蘇晴竹的父親躺在急救室裡,尚未脫離危險。
醫生拿著一疊單子,面色凝重地解釋著病情。
肋骨斷了三根,顱內有出血,需要立刻手術。
“手術費,加上後續治療,先準備十五萬吧。”
十五萬。
這個數字瞬間壓垮了蘇晴竹。
她一個月實習工資才三千塊。
就在她搖搖欲墜時,兩個穿著傅氏藥業工裝的男人走了過來,一臉不耐煩。
為首的胖子瞥了一眼急救室的紅燈,撇了撇嘴。
“誰是蘇大強的家屬?”
“我……我是他女兒。”
蘇晴竹連忙應聲。
“哦。”
胖子上下打量她一眼。
“你爸自己幹活不小心,從架子上踩空了。這事跟我們公司可沒關係。”
“但……但他是給你們幹活的時候受的傷啊!”
蘇晴竹急了。
“那又怎麼樣?”
另一個瘦子陰陽怪氣地說。
“誰看見了?工傷是要有證據的。我們傅氏是大企業,講規矩。現在本著人道主義精神,可以給你報銷個檢查費,算仁至義盡了。”
“你們……你們怎麼能這樣!”
蘇晴竹氣得渾身發抖。
“就這樣。

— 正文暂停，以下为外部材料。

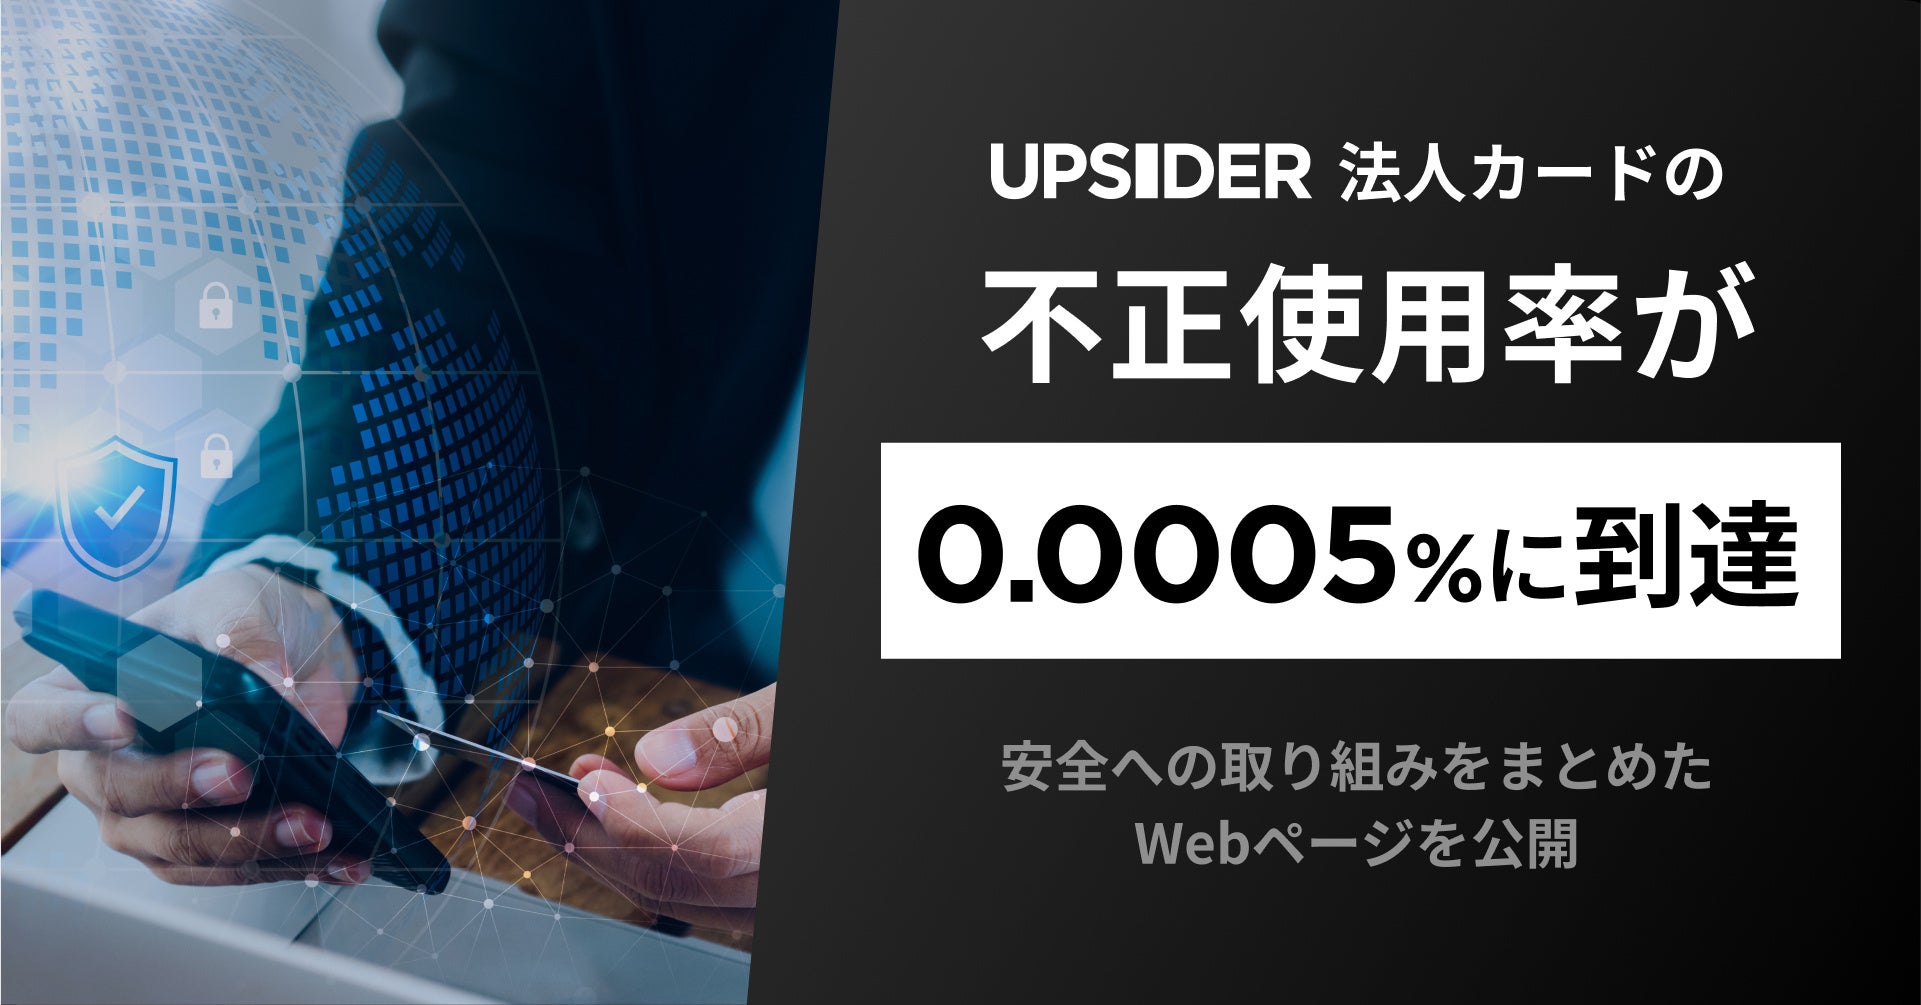 法人カード「UPSIDER」、不正使用率0.0005%に到達。クレジットカード不正使用率の100分の1以下の水準へ

”
胖子冷笑。
“沒錢就別治了,找個便宜點的醫院唄。或者求求你這個小白臉男朋友?看他能不能幫你出啊?”
陳尋自始至終沒有說話
他的手機,在口袋裡,已經將這一切都錄了下來。
聲音,影像,以及這兩個人醜惡的嘴臉。
他走到繳費視窗,將自己的銀行卡遞了進去。
“手術費,我付了。”
蘇晴竹猛地抬頭,難以置信地看著他。
陳尋沒理會他們,只是對蘇晴竹說了一句。
“先進去陪你父親。”
第二天,總經理辦公室。
傅寶成心情很好,他拍著陳尋的肩膀,笑容滿面。
“小陳,不錯,有前途。”
“今天跟我出去一趟,見個老頑固。”
傅寶成遞給陳尋一根菸。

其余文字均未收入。